The simplest way to measure density of nodes in a network or in a specific area of it is the clustering coefficient (Watts and Strogatz 1998).
This parameter shows how tightly a node is linked to its neighbours.
For each node, this coefficient is usually defined as the proportion of links between the nodes within its neighbourhood divided by the number of links that could actually exist between them.
It gives an idea of how probable is that if node A is connected to node B and B is connected to node C, then A is also connected to C.
Figure 2.11. Undirected (a), directed (b) and directed weighted (c) variants of a graph.
If every node in the graph is connected then the graph is called also connected.
The largest connected component is the largest subgraph of the original graph that is connected.
In Figure 2.11a, for instance, the node set N1 = (1, 2, 3, 4) is the biggest connected component (it is larger than N2 = (5, 6, 7)).
Graphs can be undirected, if the nodes are linked by edges without any directional information or directed.
In directed graphs, the out-degree of a node is defined as the number of edges going out of it while the in-degree is the number of edges coming in.
The degree of a node is the sum of both.
In addition, in weighted graphs, each edge carries a value that represents the strength or flow of such interaction.
Figure 2.11 shows three graphs with the same layout but with increasing information: Figure 2.11a shows an undirected graph, Figure 2.11b displays a directed graph and finally Figure 2.11c illustrates a directed weighted graph.
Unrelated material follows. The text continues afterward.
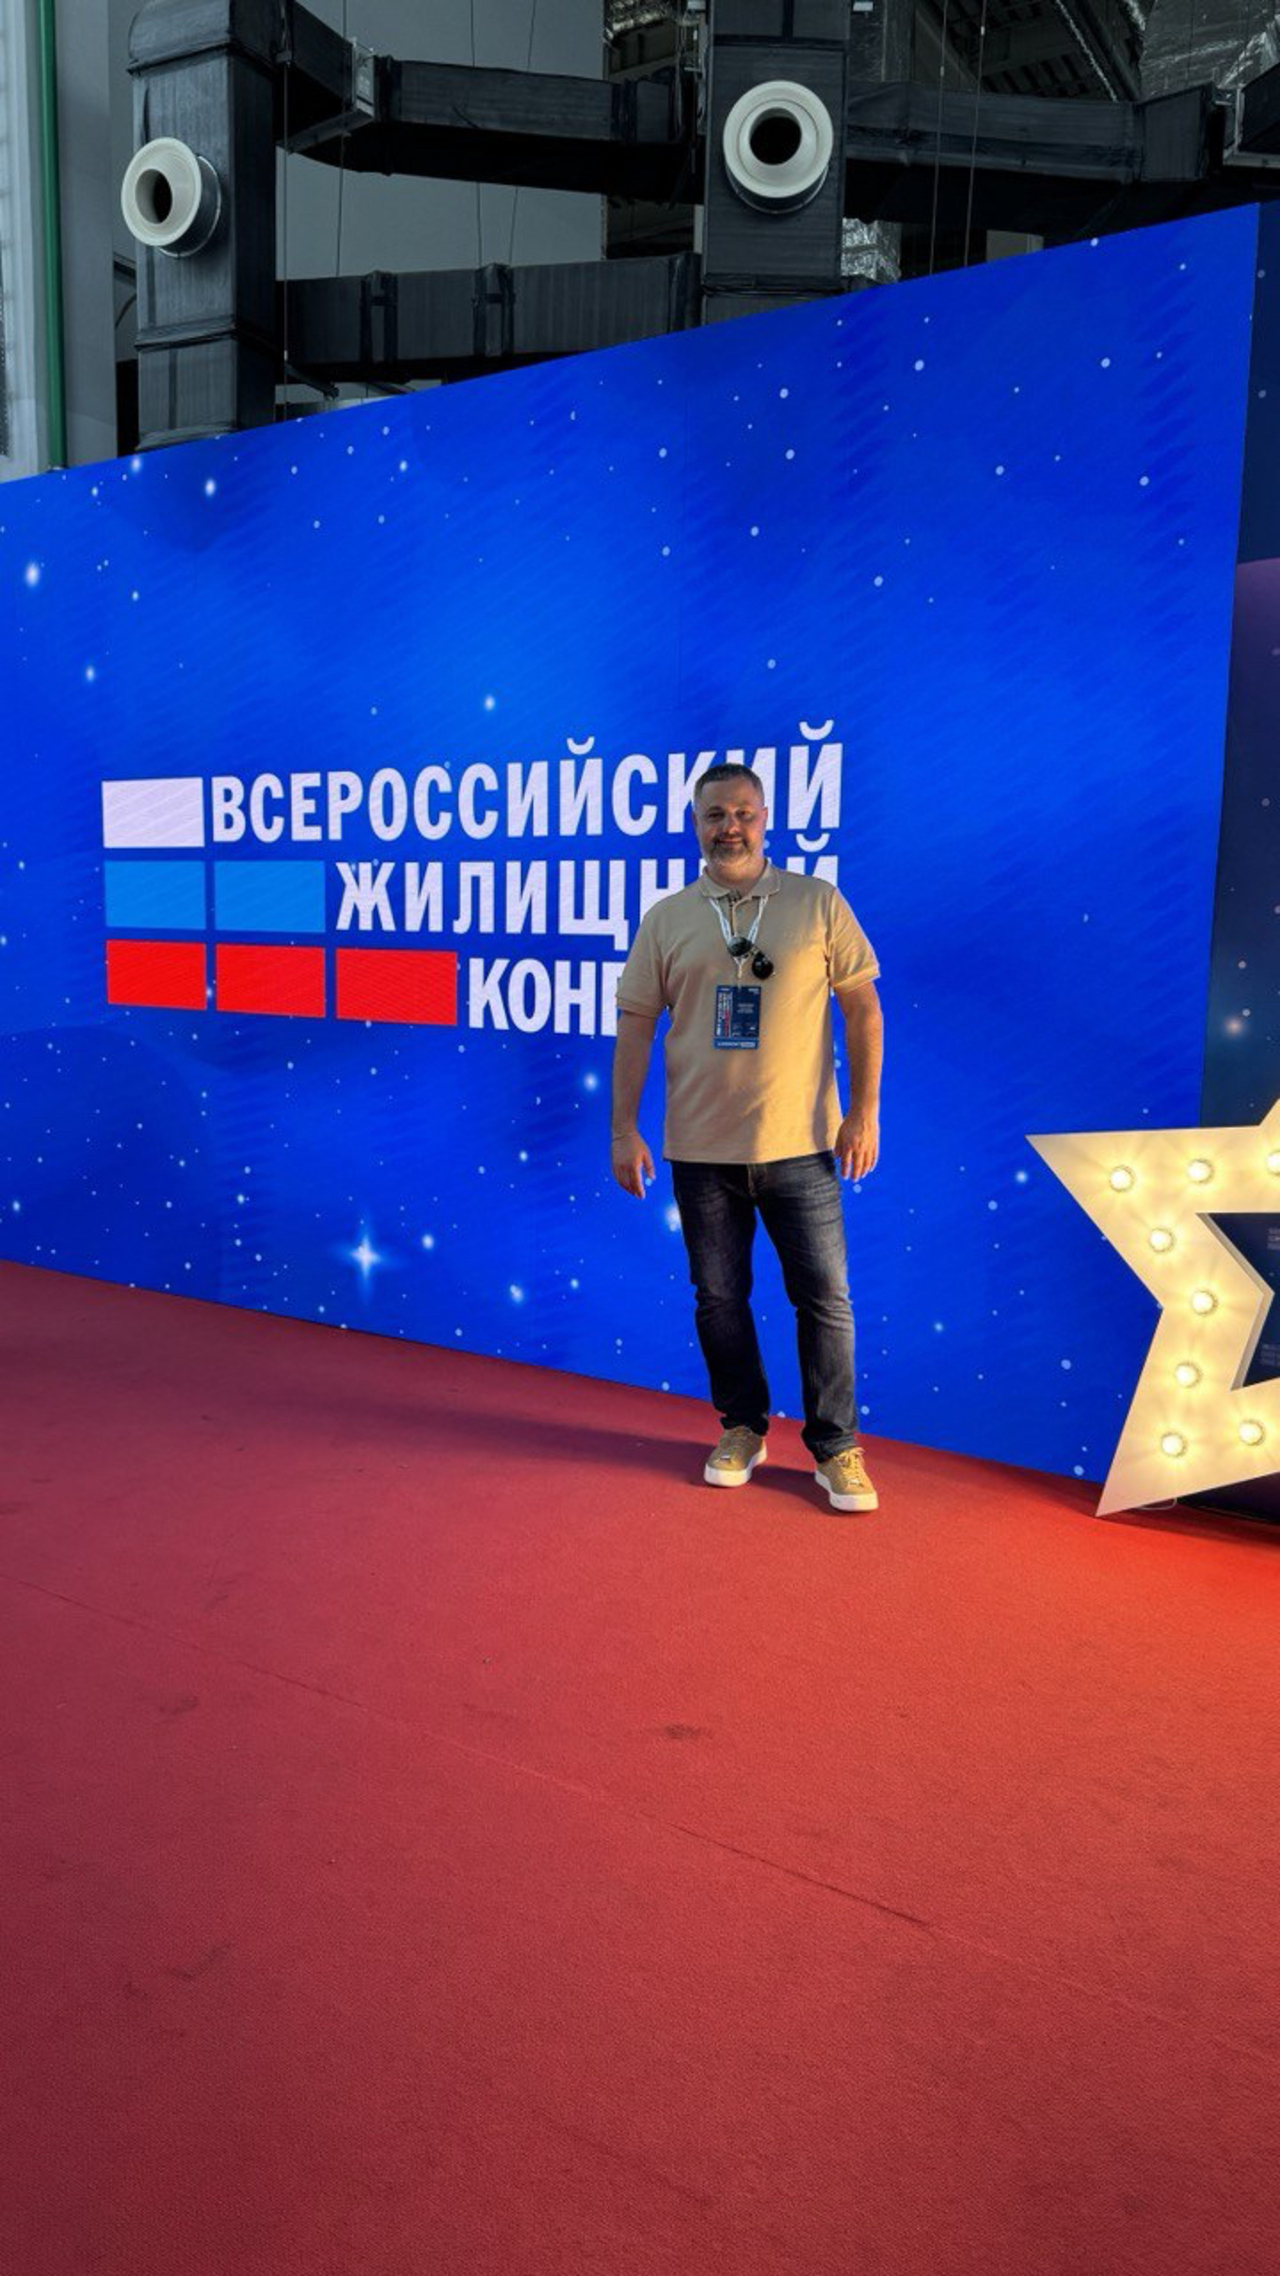 Всероссийский жилищный конгресс в Сочи — 20242
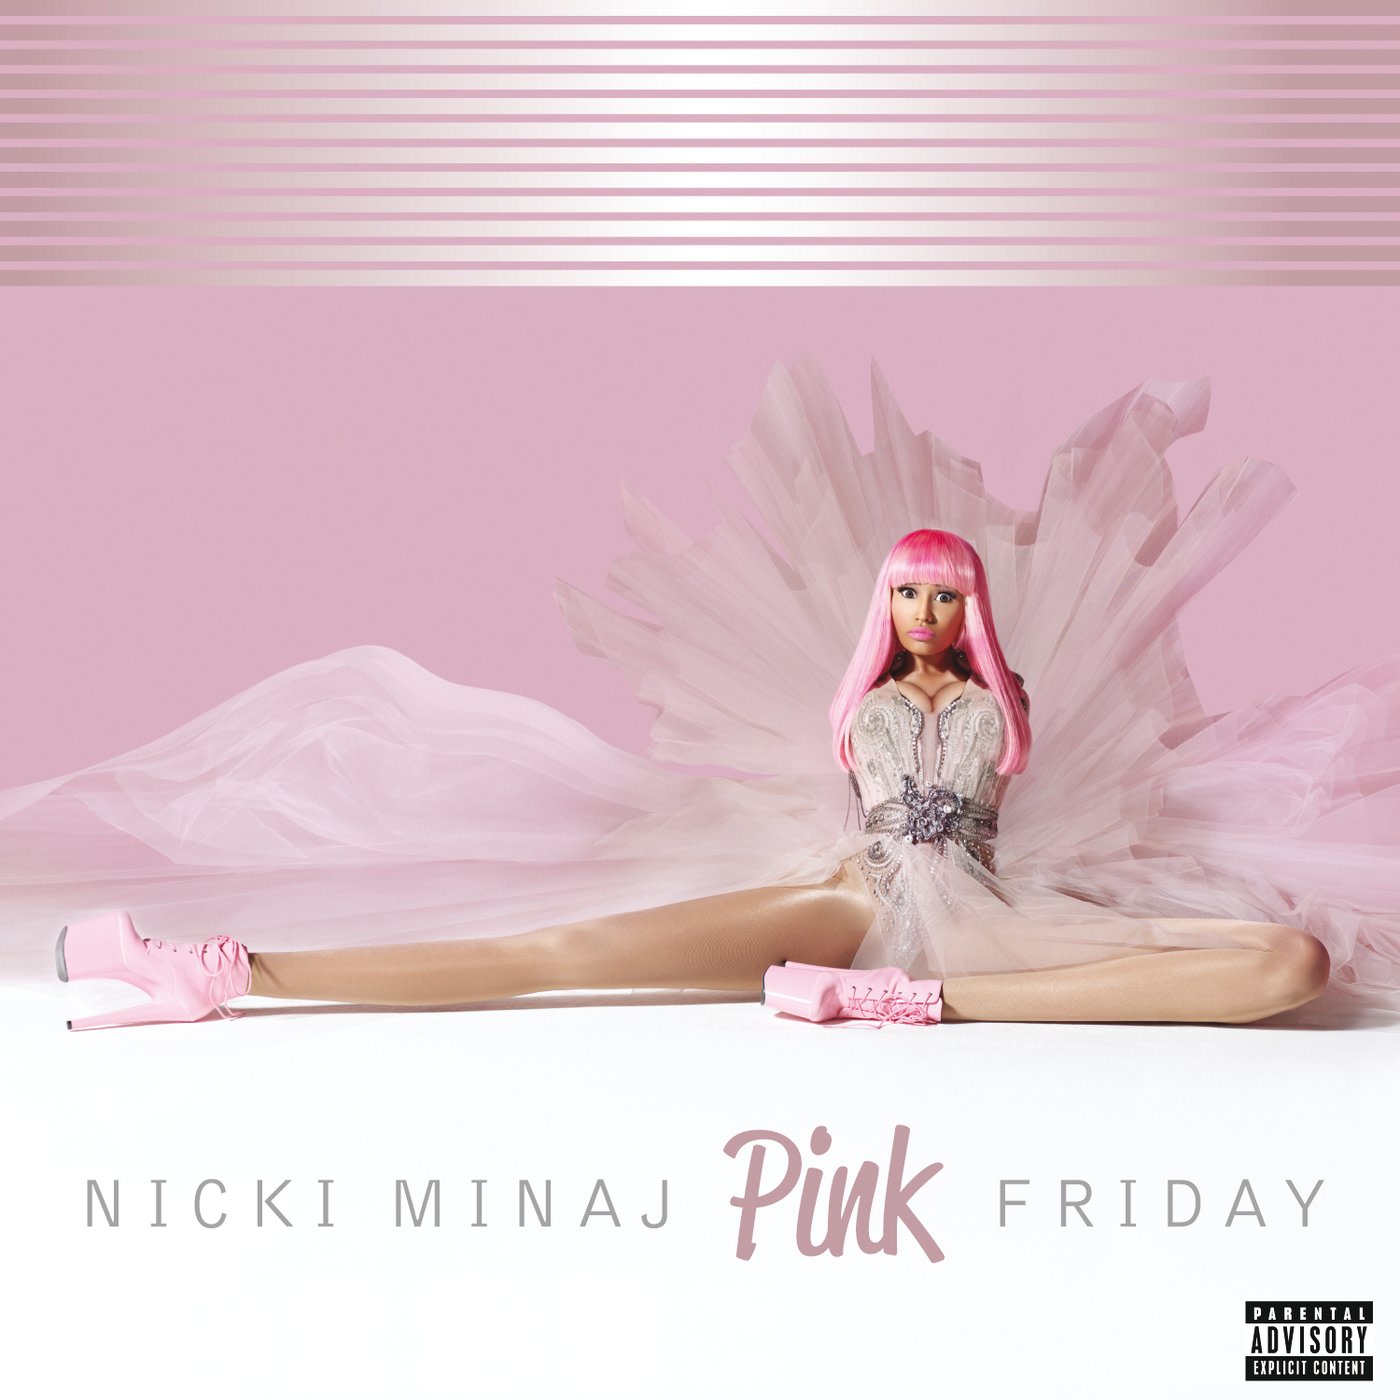 Decade of Dominance Nicki Minaj's 'Pink Friday' Debut Turns 10 Two

It is possible to have undirected weighted graphs but they are less common, since a magnitude such as flow or cost usually carries also a particular direction.
Visual and mathematical representations
Displaying graphs to truthfully represent real connected systems is a tough task.
Real phenomena can be very complex and therefore their representation and mathematical description is not straight forward.
In molecular biology many interactions occur among more than two elements, for instance the substrates and products of a metabolic reaction or the formation of a protein complex.
Hypergraphs (Klamt, Haus, and Theis 2009; Zhou and Nakhleh 2011) are used to represent such interactions.
Hypergraphs are defined as normal graphs in which edges link together more than two nodes.
As it was commented in Section 2.2.2 this approach displays the system in a simpler and more intuitive way but has a mayor disadvantage.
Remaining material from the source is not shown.